The aforementioned sequence-dependent dsRNA bending demonstrates that the nucleotide sequence can affect in a very distinct manner the structure of dsDNA and dsRNA. Namely, A-tracts induce an intrinsic bend in dsDNA, but not in dsRNA; and AU-tracts have the opposite effect: they bend dsRNA, but not dsDNA (see Fig. 4e). Therefore, it would be natural to expect that the nucleotide sequence would also impact the relative flexibility of dsDNA and dsRNA in different ways.
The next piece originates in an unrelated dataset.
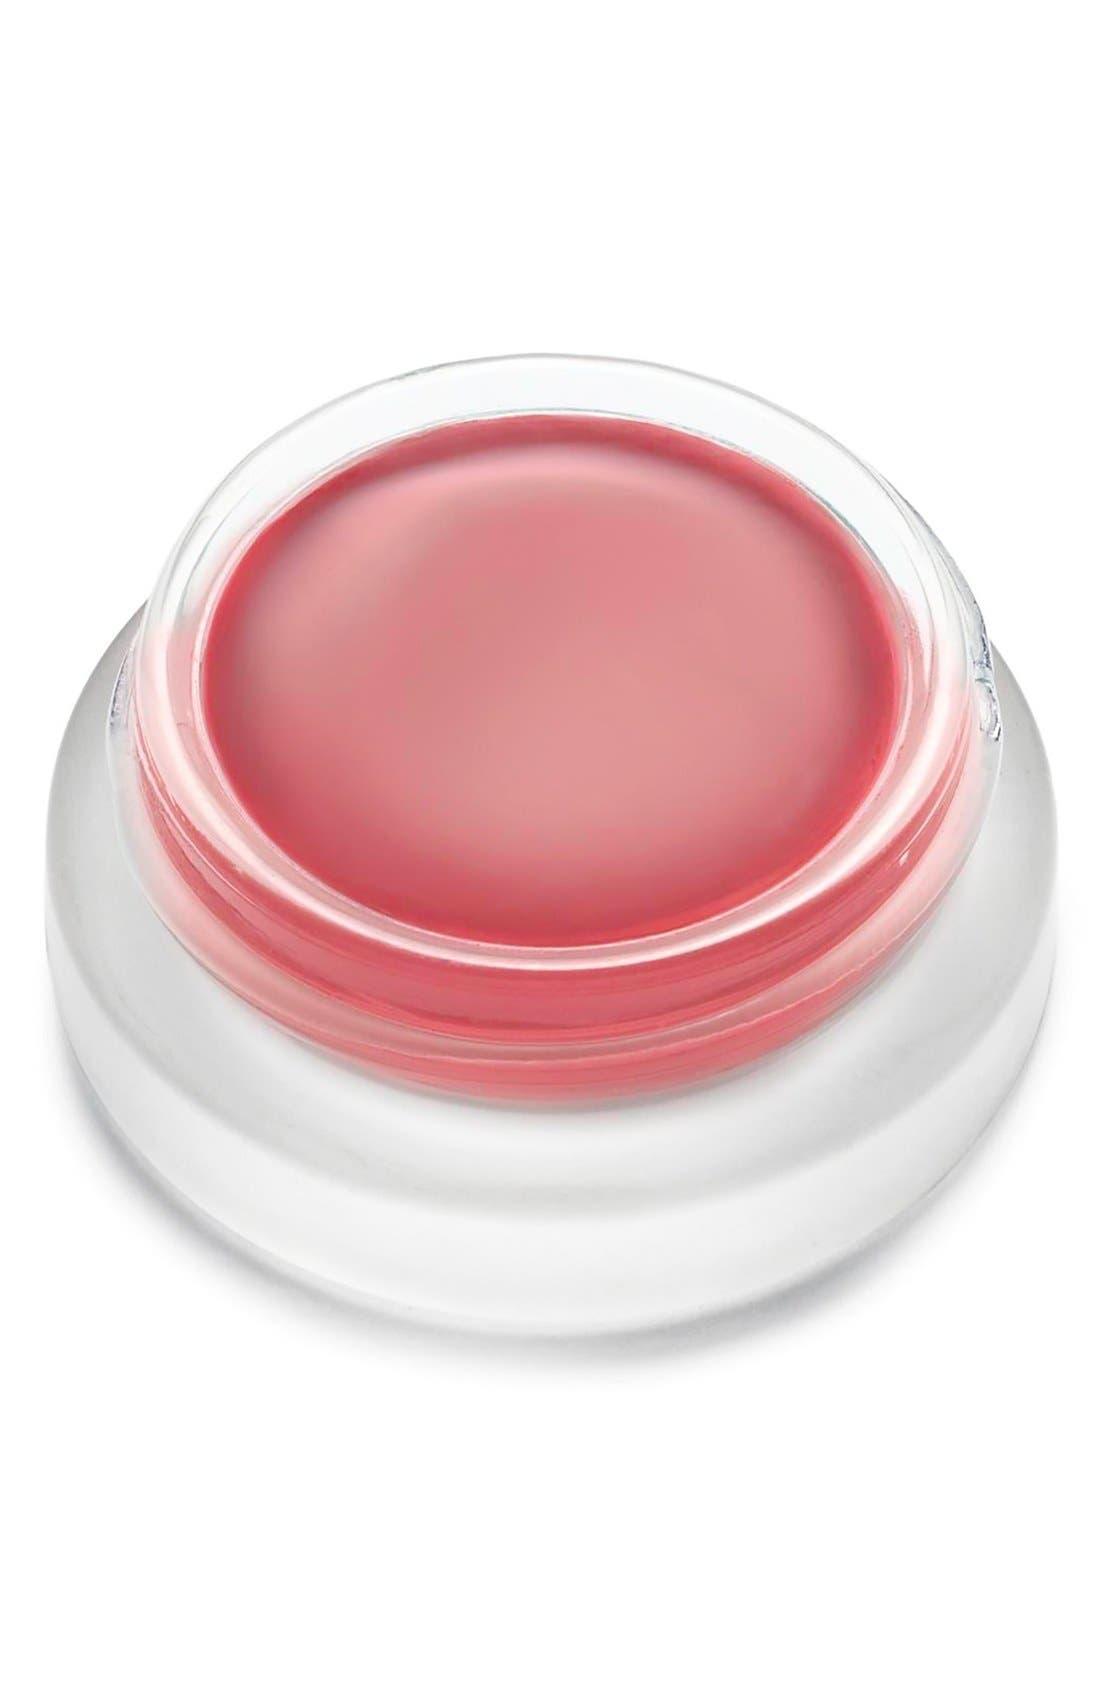 RMS Beauty Lip2Cheek Lip & Cheek Color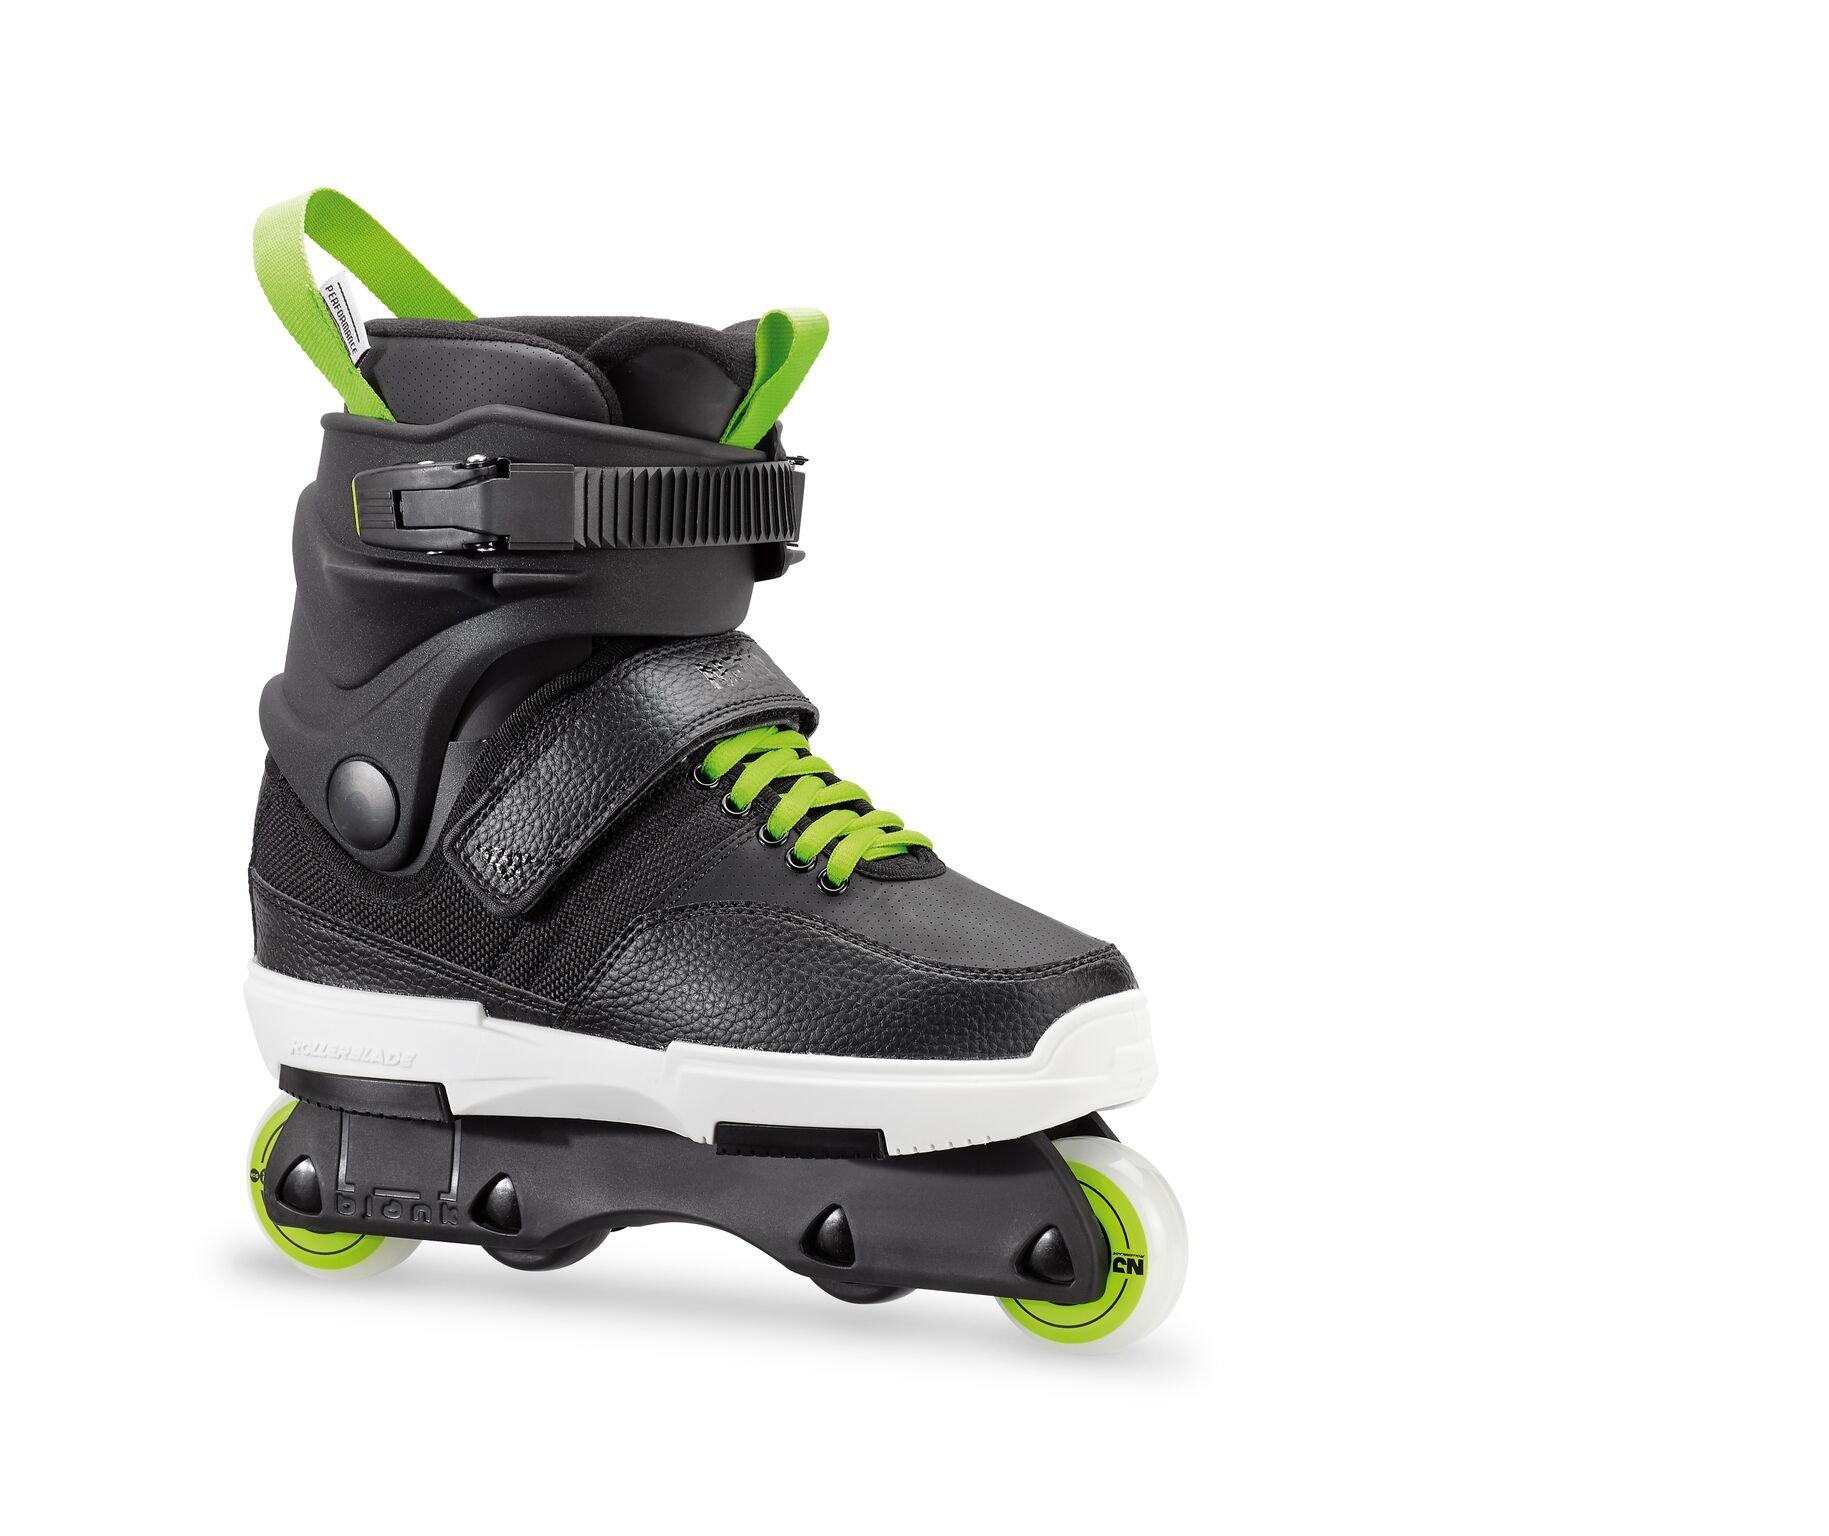 Rollerblade NJR Kid's Size Adjustable Street Inline Skate, Black and Green, High Performance Inline Skates

A recent simulation study suggests that this might be the case (Marin-Gonzalez et al., Reference Marin-Gonzalez, Vilhena, Moreno-Herrero and Perez2019b). Using MD simulations, Marin-Gonzalez et al. measured the mechanical response of several dsRNA sequences and compared the results with dsDNA analogs of the same sequence. dsRNA molecules were always more flexible to stretching deformations than dsDNA ones, regardless of the sequence. However, the effect of the nucleotide sequence on the stretching flexibility was completely different in the two nucleic acids. For example, the poly(rG:rC) RNA duplex is relatively rigid to stretching, but a poly(dG:dC) DNA duplex is highly flexible when compared with an arbitrary sequence (see Fig. 4f). On the contrary, the poly(rG–rC) dsRNA molecule is flexible to stretching, but the poly(dG–dC) dsDNA is rigid. The molecular mechanisms behind this difference are to be examined. Furthermore, the idea that sequence effects on dsDNA and dsRNA flexibility can be substantially different still awaits experimental validation.